Research Paper Volume 13, Issue 7 pp 10703—10723
ASIC1 and ASIC3 mediate cellular senescence of human nucleus pulposus mesenchymal stem cells during intervertebral disc degeneration
- 1 Department of Orthopedics and Spine Surgery, The First Affiliated Hospital, Anhui Medical University, Hefei 230032, Anhui, China
- 2 School of Life Sciences, Anhui Medical University, Hefei 230032, Anhui, China
- 3 Translational Research Institute of Henan Provincial People’s Hospital and People’s Hospital of Zhengzhou University, Molecular Pathology Centre, Academy of Medical Sciences, Zhengzhou University, Zhengzhou 450053, Henan, China
- 4 School of Biomedical Sciences and Pharmacy, University of Newcastle, Callaghan, NSW 2308, Australia
Received: October 10, 2020 Accepted: February 16, 2021 Published: April 6, 2021https://doi.org/10.18632/aging.202850
How to Cite
Copyright: © 2021 Ding et al. This is an open access article distributed under the terms of the Creative Commons Attribution License (CC BY 3.0), which permits unrestricted use, distribution, and reproduction in any medium, provided the original author and source are credited.

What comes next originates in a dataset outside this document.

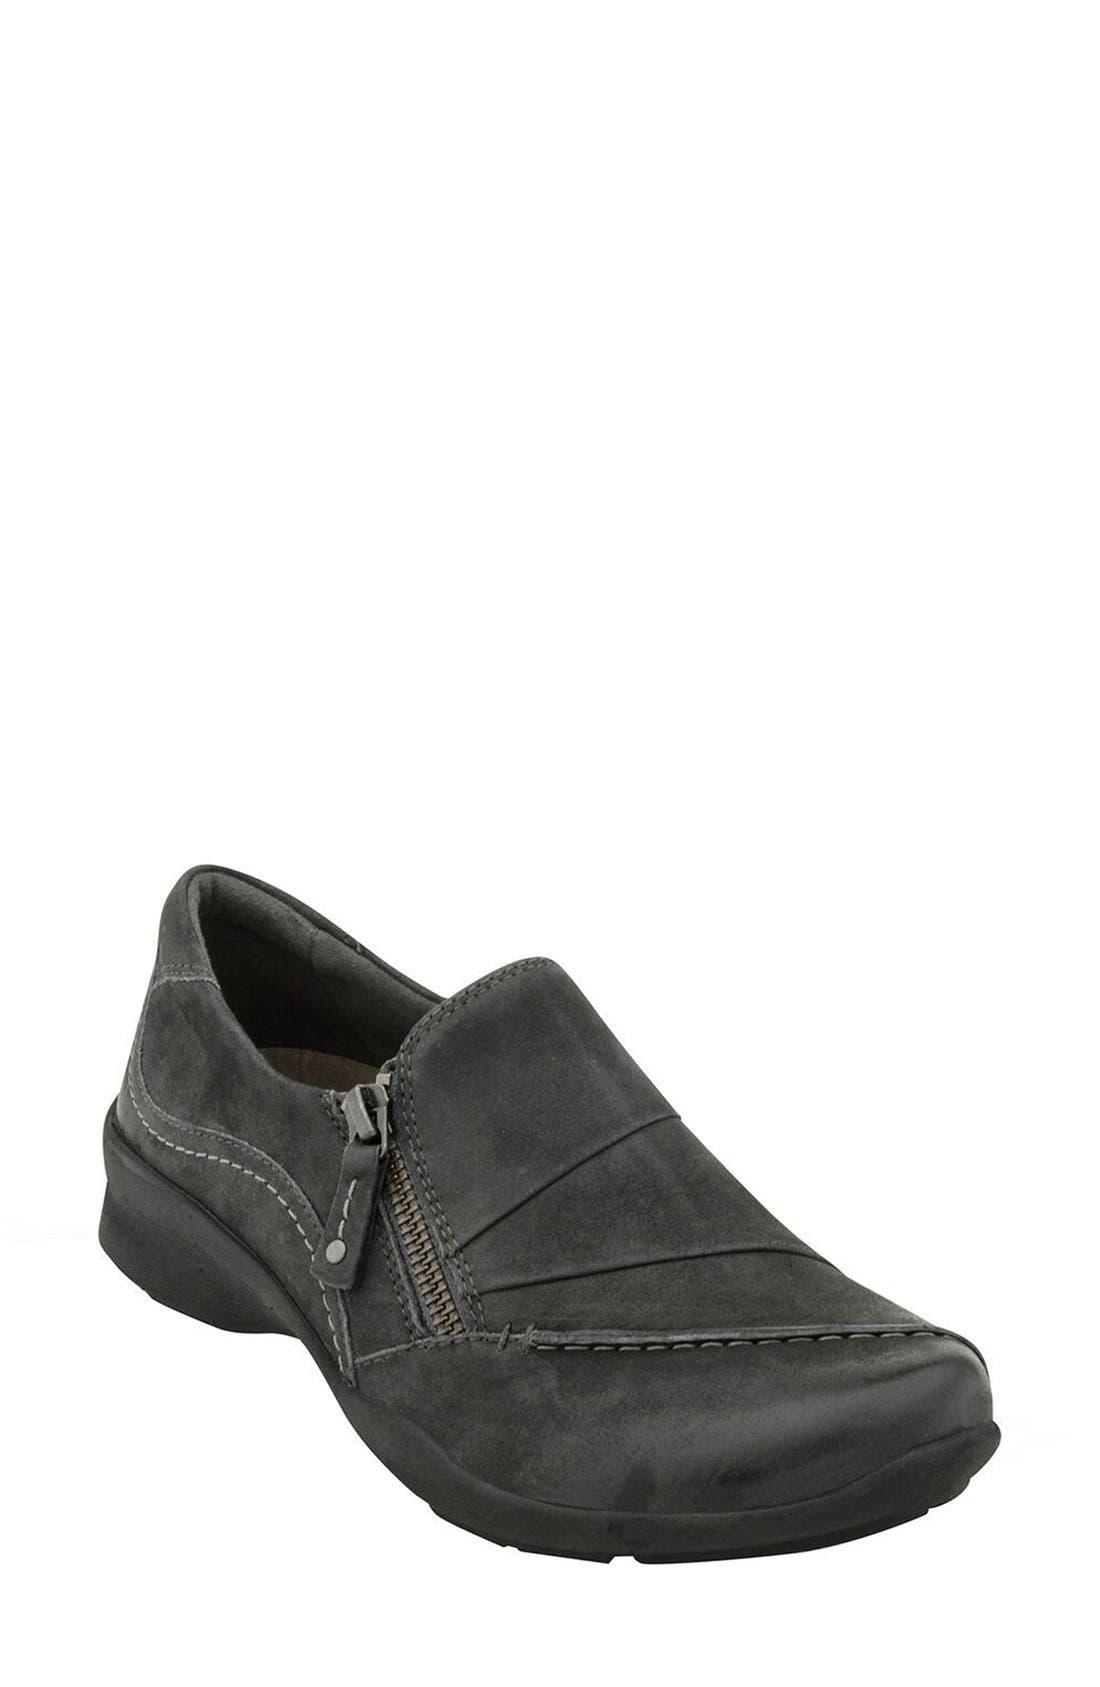 Alternate Image 1 Selected - Earth® 'Anise' Slip-On Sneaker (Women)

Stem cell approaches have become an attractive therapeutic option for intervertebral disc degeneration (IVDD). Nucleus pulposus mesenchymal stem cells (NP-MSCs) participate in the regeneration and homeostasis of the intervertebral disc (IVD), but the molecular mechanisms governing these processes remain to be elucidated. Acid-sensing ion channels (ASICs) which act as key receptors for extracellular protons in central and peripheral neurons, have been implicated in IVDD where degeneration is associated with reduced microenvironmental pH. Here we show that ASIC1 and ASIC3, but not ASIC2 and ASIC4 are upregulated in human IVDs according to the degree of clinical degeneration. Subjecting IVD-derived NP-MSCs to pH 6.6 culture conditions to mimic pathological IVD changes resulted in decreased cell proliferation that was associated with cell cycle arrest and induction of senescence. Key molecular changes observed were increased expression of p53, p21, p27, p16 and Rb1. Instructively, premature senescence in NP-MSCs could be largely alleviated using ASIC inhibitors, suggesting both ASIC1 and ASIC3 act decisively upstream to activate senescence programming pathways including p53-p21/p27 and p16-Rb1 signaling. These results highlight the potential of ASIC inhibitors as a therapeutic approach for IVDD and broadly define an in vitro system that can be used to evaluate other IVDD therapies.
IVDD: intervertebral disc degeneration; NP-MSCs: nucleus pulposus mesenchymal stem cells; NP: nucleus pulposus; BMSCs: bone marrow-derived stem cells; ECM: extracellular matrix; ASICs: acid sensing ion channels; CCK-8: cell counting kit-8.